If, however, our goal is to probe the notion of phonological and orthographic structure more deeply, then it would be useful to use insights gained from the underlying dimensions of structure to move beyond defining networks through the traditional understanding of neighbors. Maintaining the general idea of networks, this might involve building networks in ways that better match our current understanding of the sources of structure. For example, Vitevitch et al. (2021) sought to incorporate phonotactics more directly by placing network edges based on shared biphones, or using a bipartite network linking phonetic units to word nodes, but lacking links between word nodes. A different approach would use participant responses to infer neighborhood structure (Goldrick et al., 2010; Luce & Large, 2001), rather than a priori critiera, similar to common practice in research on semantic networks (e.g., Benedek et al., 2017). Castro and Vitevitch (2022) pursued this approach, building phonological networks using phonological association and misperception data collected from human participants and obtaining somewhat better prediction of behavioral data. This avoids some potential limitations of specific similarity metrics, as human associations likely incorporate positional and other information beyond the segmental content of words, and some insight can be gained into what information respondents use to identify associates by exploring what features contribute to perceived phonological similarity (e.g., phonetic features; Hahn & Bailey, 2005). It also appears to help with network fragmentation, as their GC comprised well over 90% of the network. However, there are practical challenges with obtaining enough data to reasonably approximate the contents of the lexicon.

Another approach would be to build on graded views of neighborhood structure, e.g., by weighting edit distance by phoneme similarity and frequency (Bailey & Hahn, 2001; Hahn & Bailey, 2005; Luce & Pisoni, 1998). The use of 2-hop neighborhoods is one way to incorporate gradedness (Siew, 2017). Another is to use a fully connected network, in which each word is connected to all other words in the lexicon, with the edges of the network weighted according to some similarity metric. The OLD20 metric is one nodal property of such an orthographic network, where similarity is measured as edit distance in letters, OLD20 being the average weight of edges to the 20 nearest neighbors (Yarkoni et al., 2008). Measuring nodal properties in a fully-weighted lexical network would be highly processor-intensive with existing algorithms, and no attempts have been made to use this kind of network in psycholinguistics.
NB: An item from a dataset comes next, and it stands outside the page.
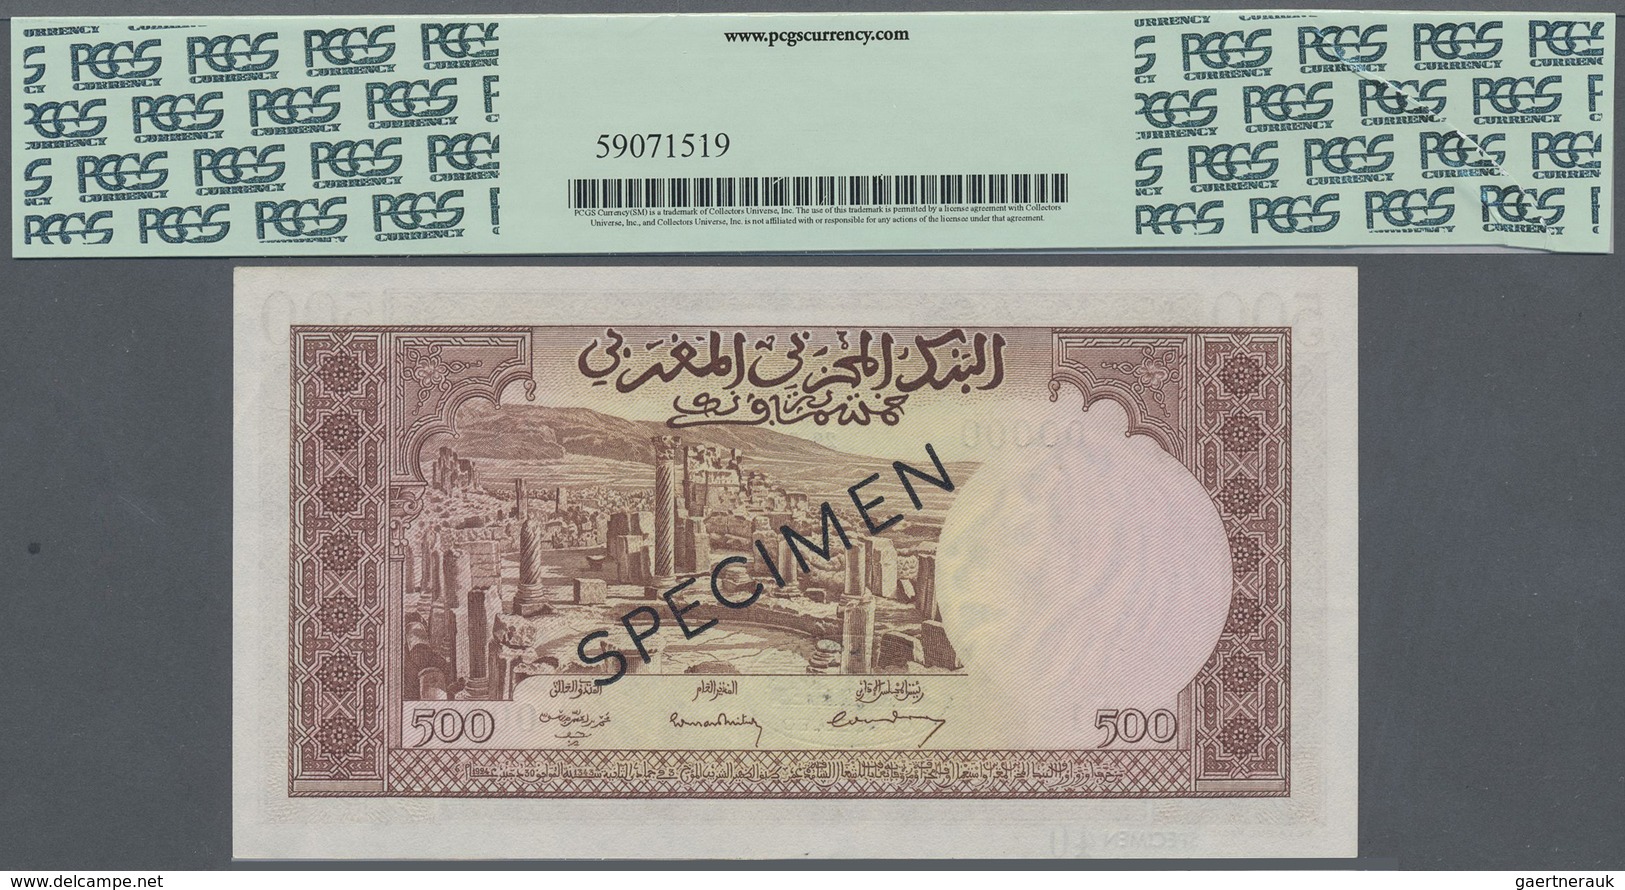 Morocco / Marokko: 500 Francs 1951 Specimen, Unissued Type, P. 45Bs, PCGS Graded 58PPQ Choice About - Morocco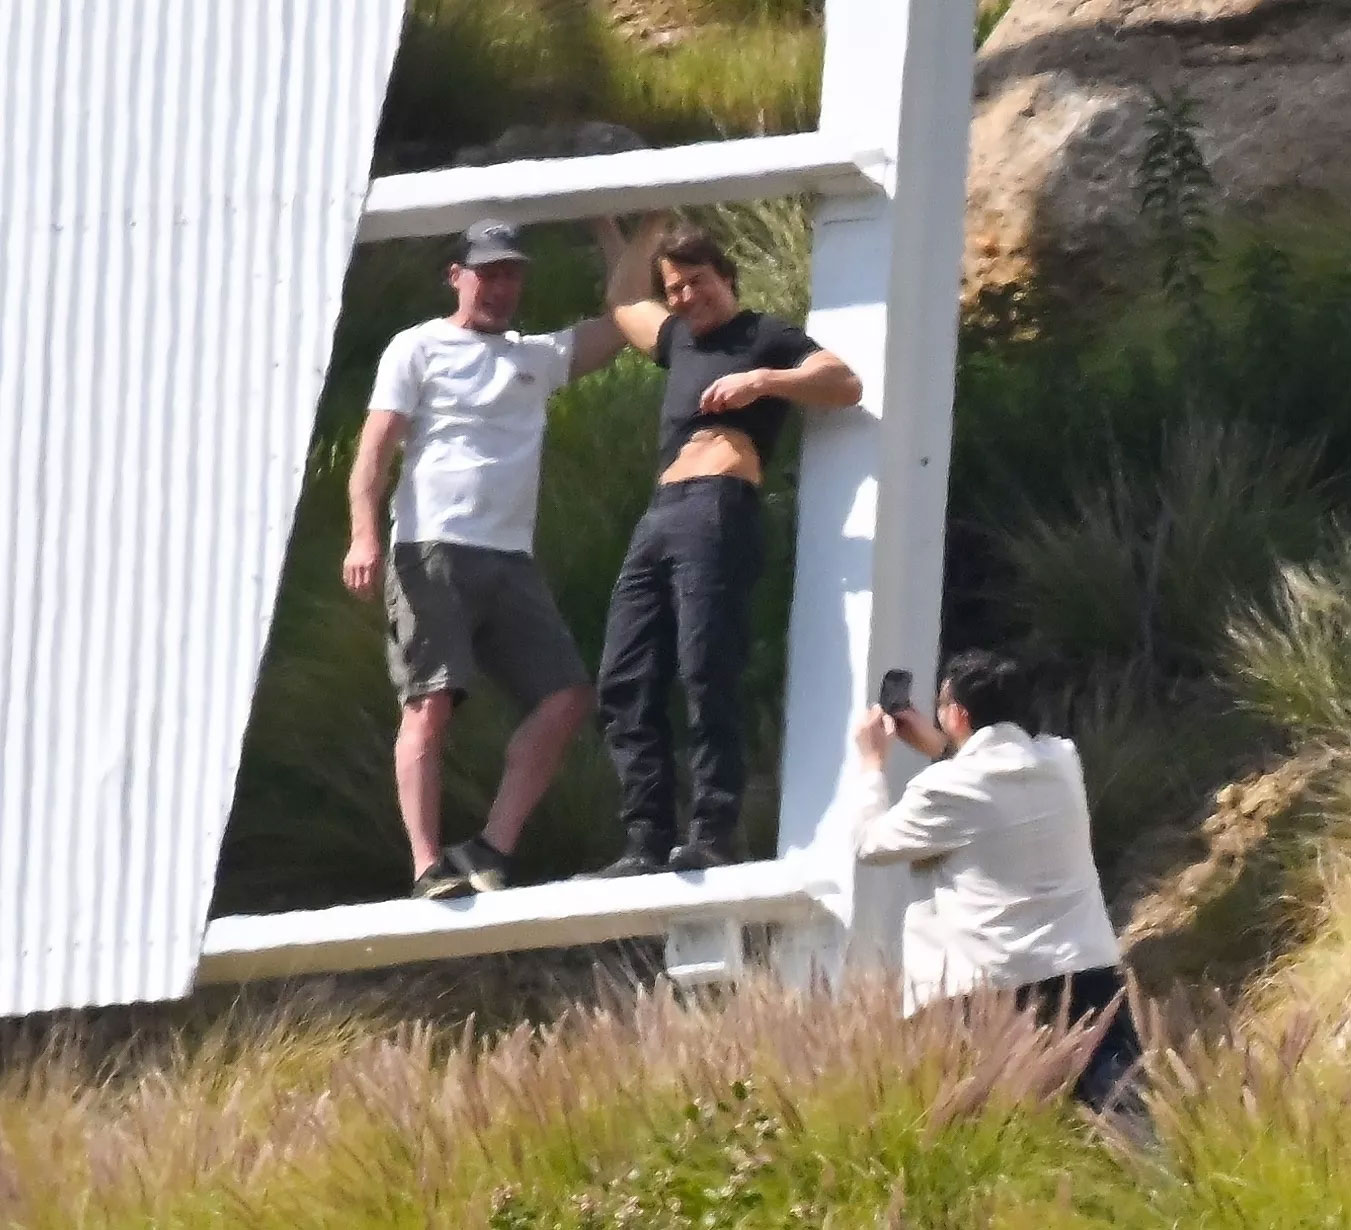 New photo shows Tom Cruise embarks on wildest mission at landmark site?

More recently, multilayer networks have attracted attention as techniques for incorporating multiple levels of representation (e.g., phonetic features, phonological and prosodic units, morphemes, lexical items, etc.) to model structure in the lexicon. Multilayer networks arise from the mathematical concept of a multigraph, where pairs of nodes can be connected by more than one edge; we can think of multilayer networks as edge-labeled multigraphs. For instance, both orthography and phonology may be used in the same network (Siew & Vitevitch, 2019), words may be connected via similarity of both form and meaning (Stella, 2020; Stella et al., 2018), and other levels of representation can also be incorporated, including features, bigrams, syllables, and even morphemes. While definitions vary, multiplex networks are often described as a type of multilayer network where each layer has the same set of nodes but a different set of edges, allowing the network to represent unique types of interactions in each layer (Kinsley et al., 2020). Recent work by Castro, Stella, and Siew (2020) demonstrates the utility of a multiplex lexical network in psycholinguistics: their multiplex network combines semantic and phonological information to help understand the nature of clinical impairments, specifically, word retrieval errors in aphasia. While our analysis finds latent components in phonological and orthographic neighbors in separate single-layer networks, future studies may combine both into a multilayer network, providing for a more comprehensive model of the structure of the lexicon and potentially uncovering interlayer factors that could be absent when analyzing each layer on its own.